(Stored data)
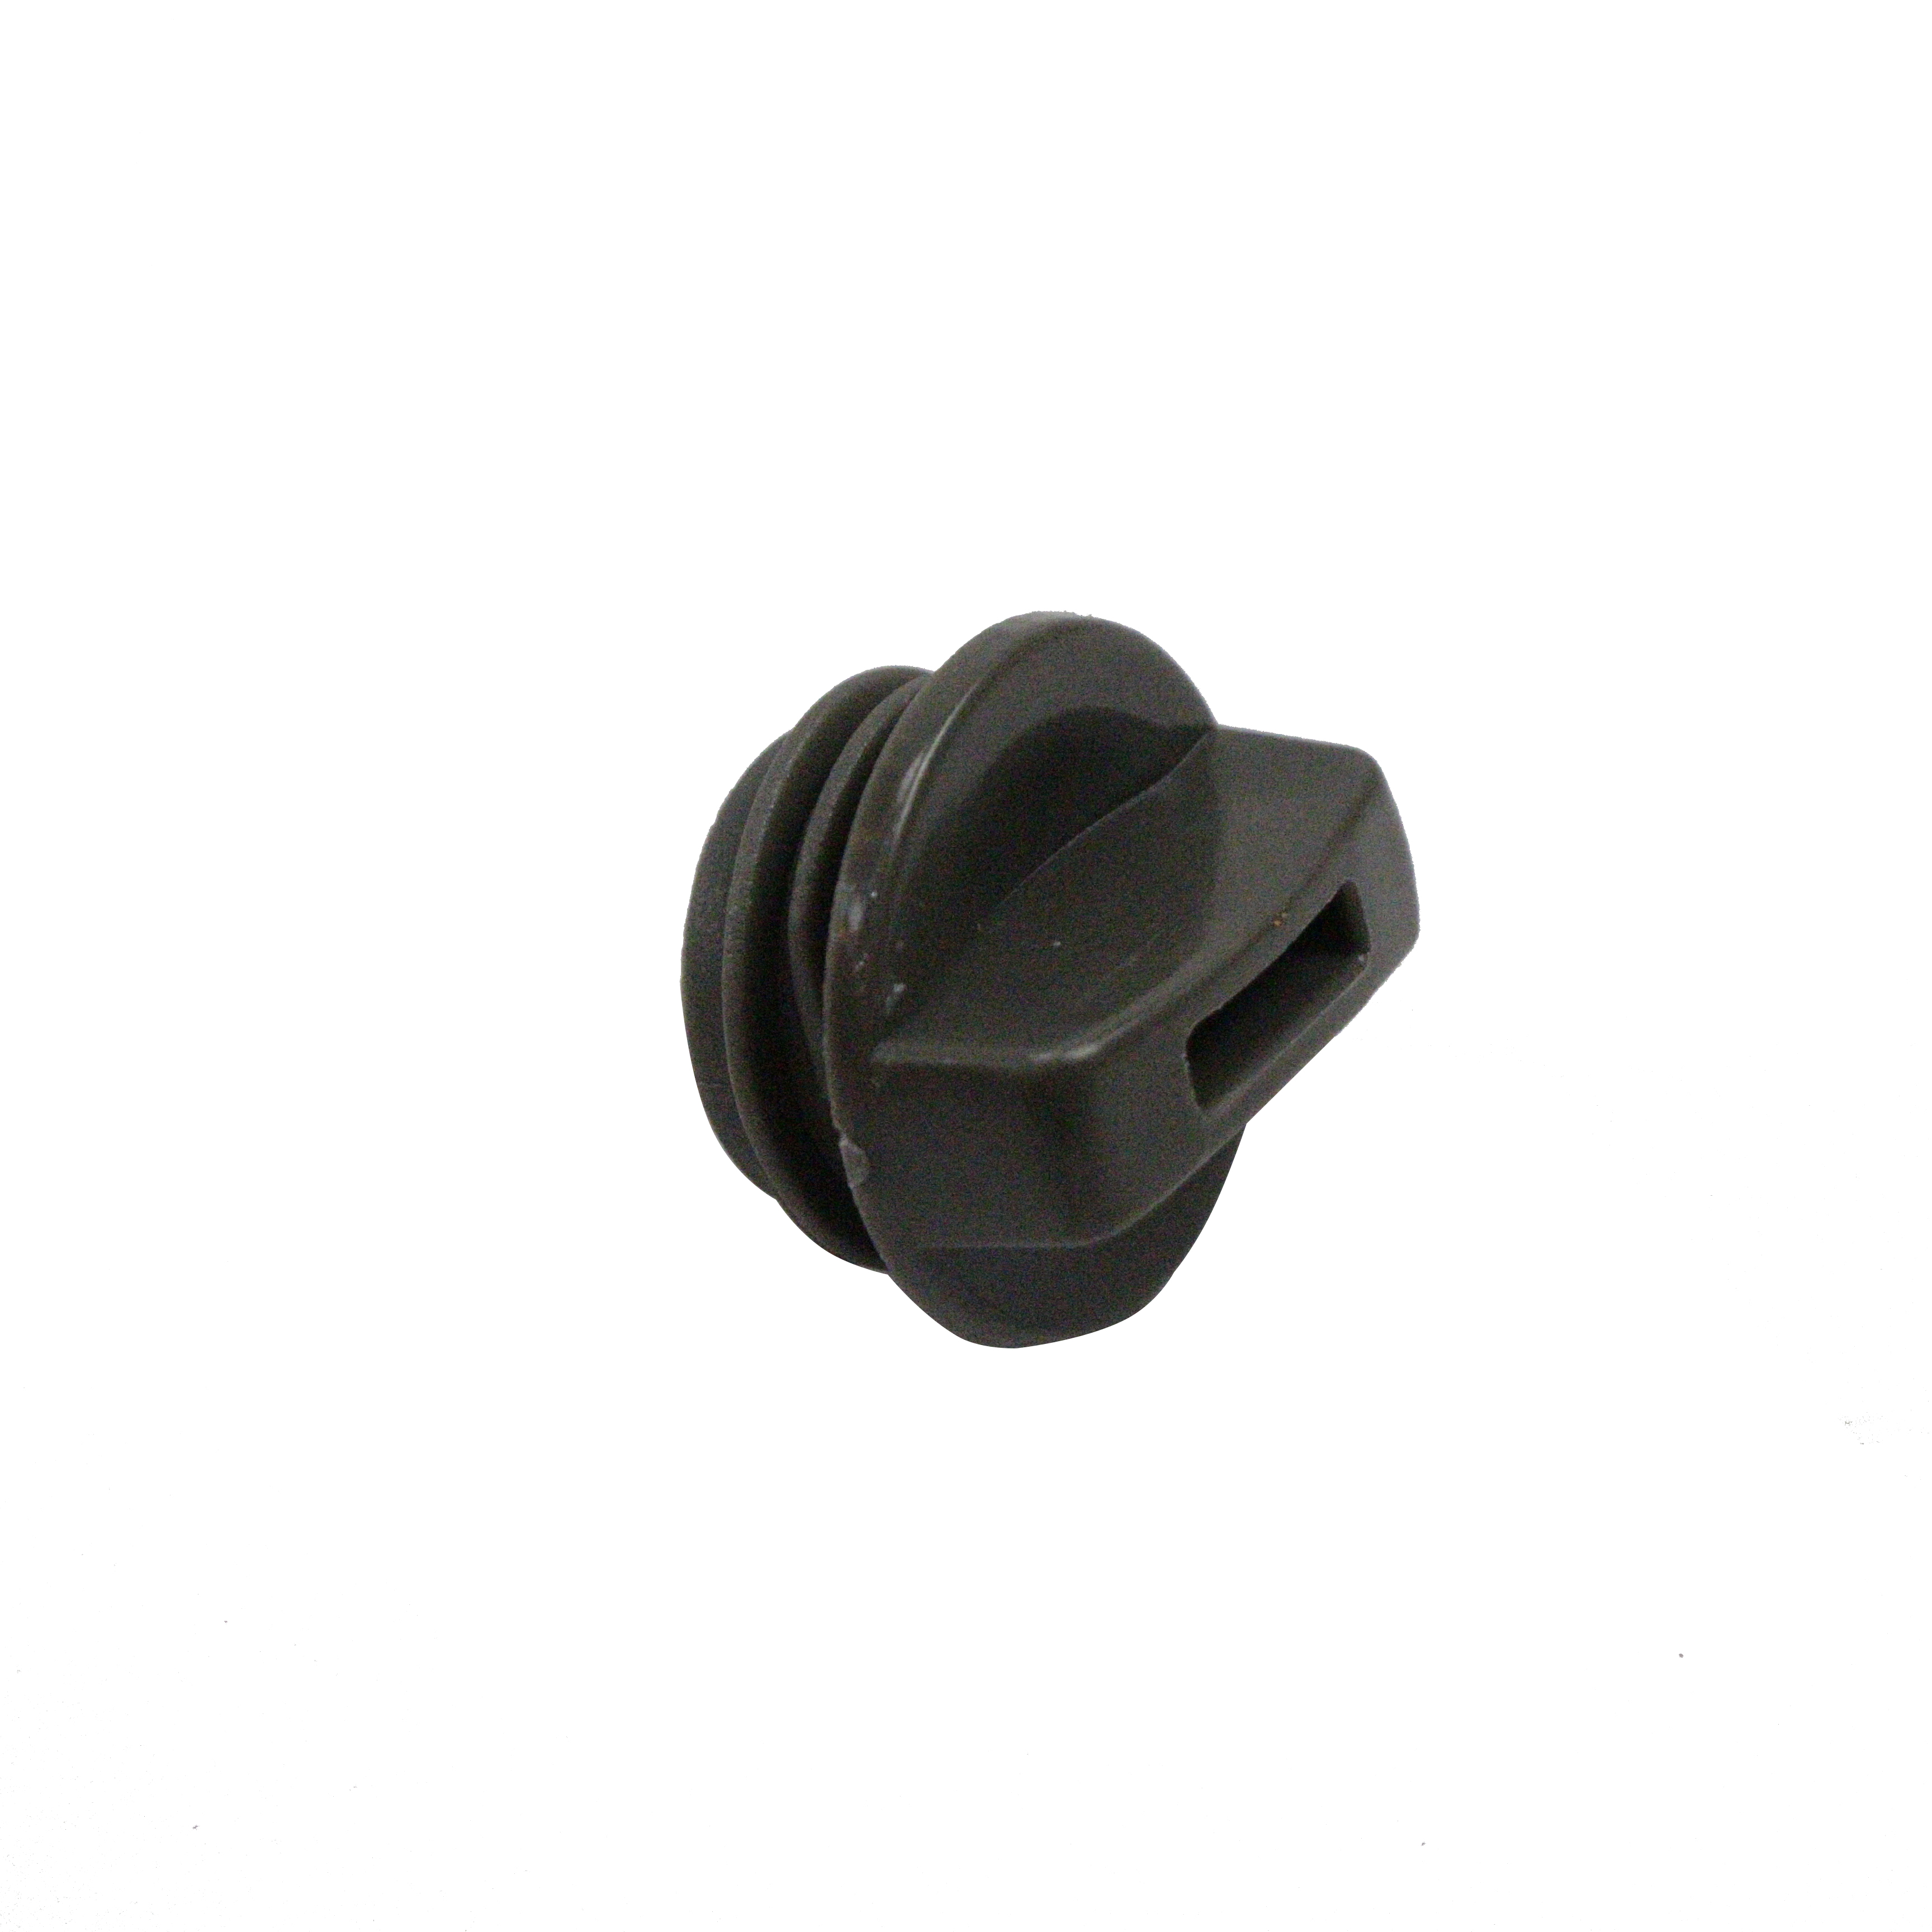 Oil Cap For Joncutter G3800 Chainsaw
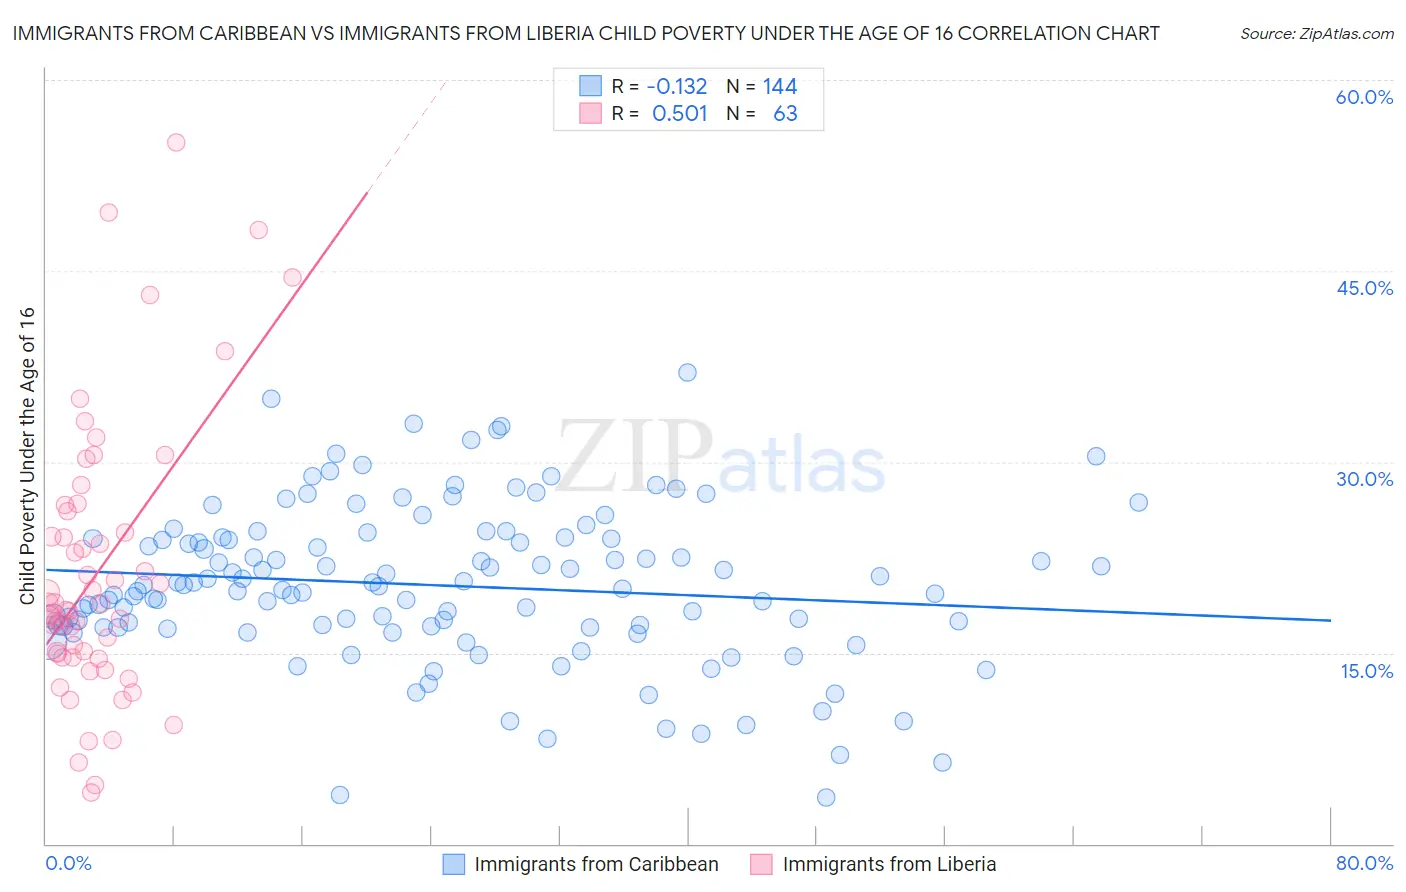 Immigrants from Caribbean vs Immigrants from Liberia Child Poverty Under the Age of 16
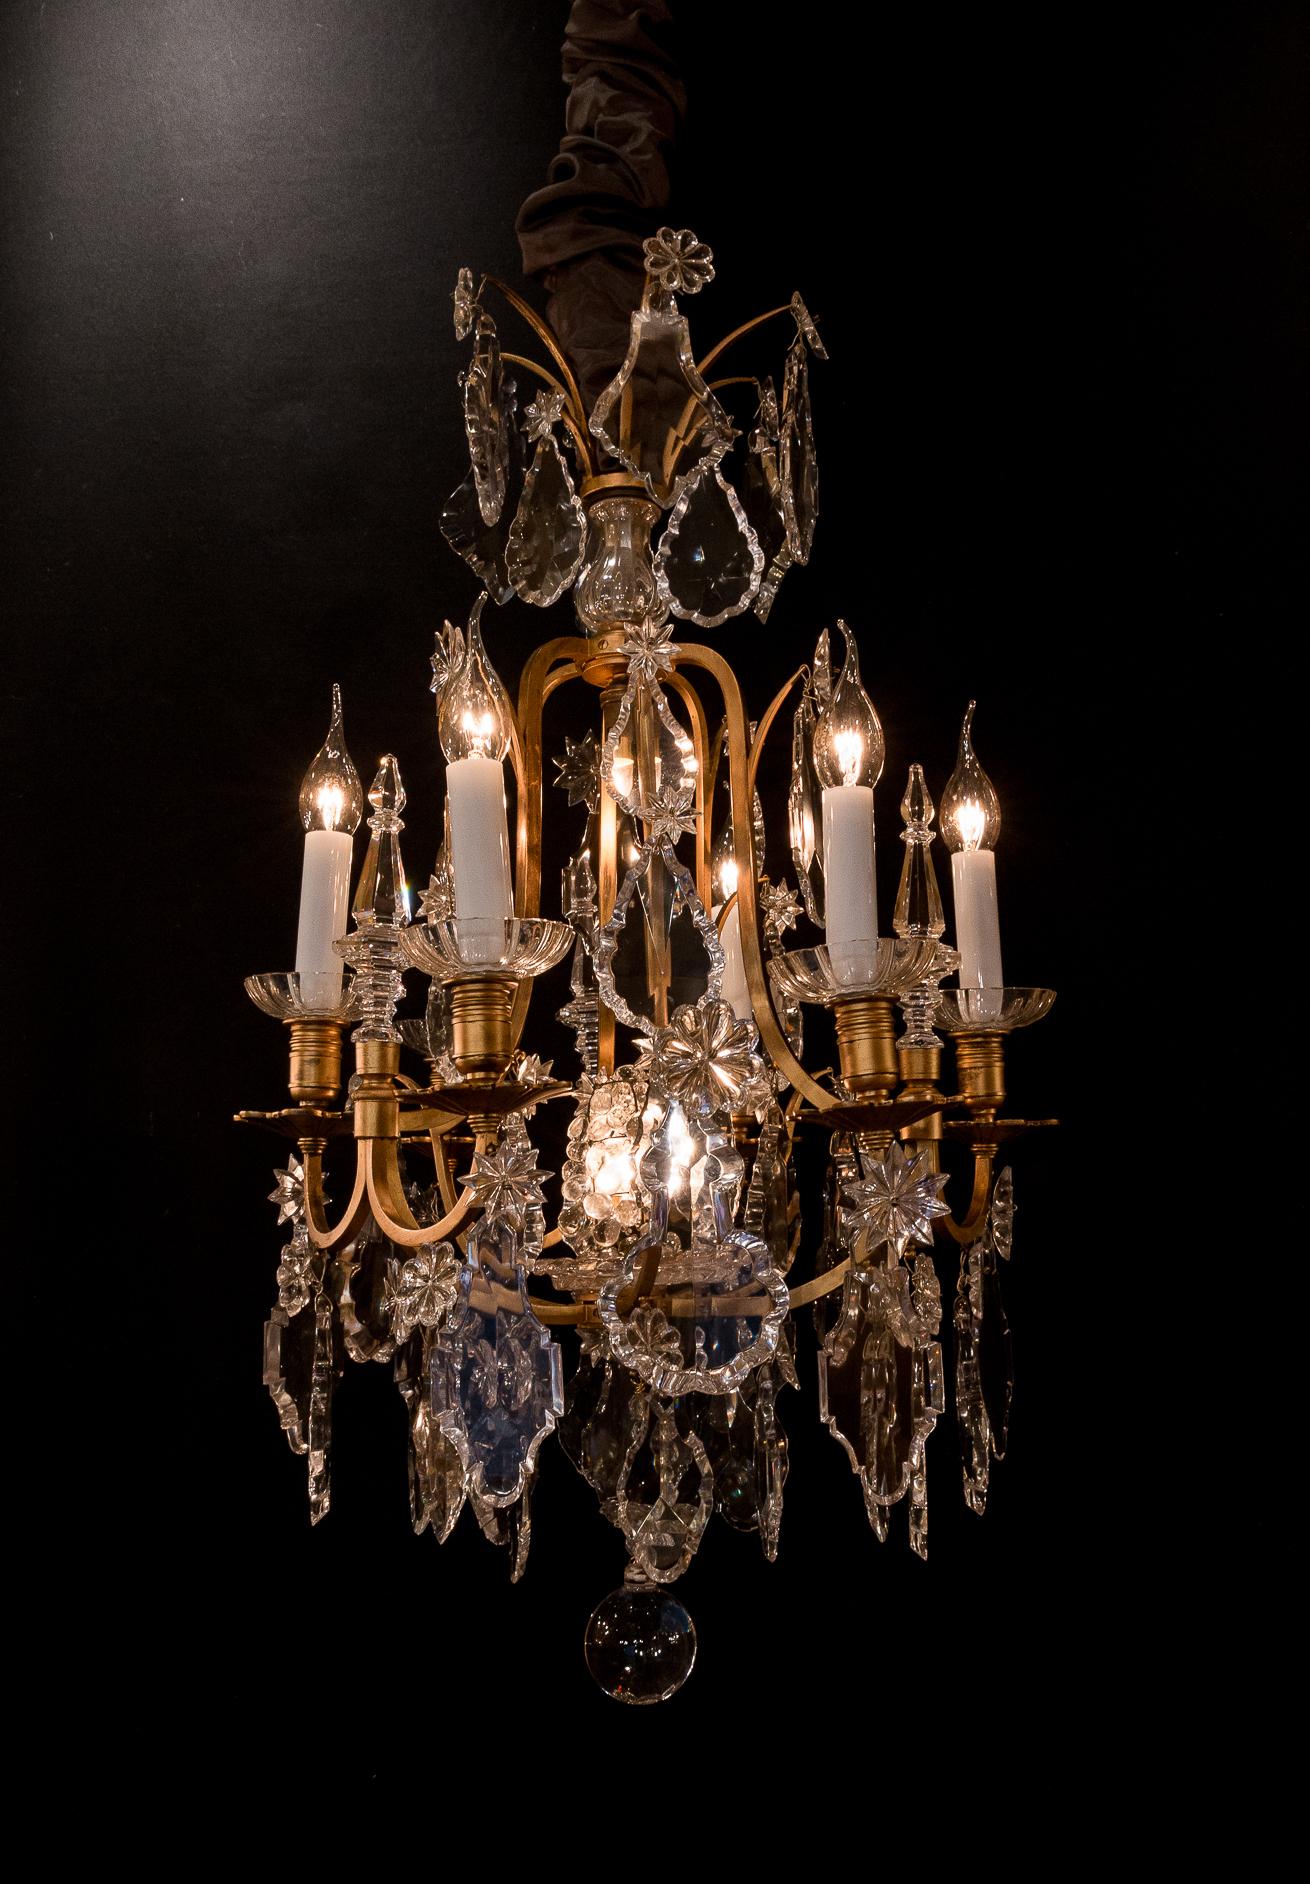 Baccarat signed - French Louis XV style, patinated-bronze and crystal chandelier, circa 1900.

Lovely patinated gilt-bronze and crystal chandelier in the classic French Louis XV style, signed by The Cristalleries de Baccarat.
Our chandelier is

DIRECTIONS FOR THIS TASK :: Restating the data word for word is the task, and pictures are to be omitted.

RESPONSE TO THE EXERCISE ::
 Oil Cap For Joncutter G3800 Chainsaw
 Immigrants from Caribbean vs Immigrants from Liberia Child Poverty Under the Age of 16
 Baccarat signed - French Louis XV style, patinated-bronze and crystal chandelier, circa 1900.

Lovely patinated gilt-bronze and crystal chandelier in the classic French Louis XV style, signed by The Cristalleries de Baccarat.
Our chandelier is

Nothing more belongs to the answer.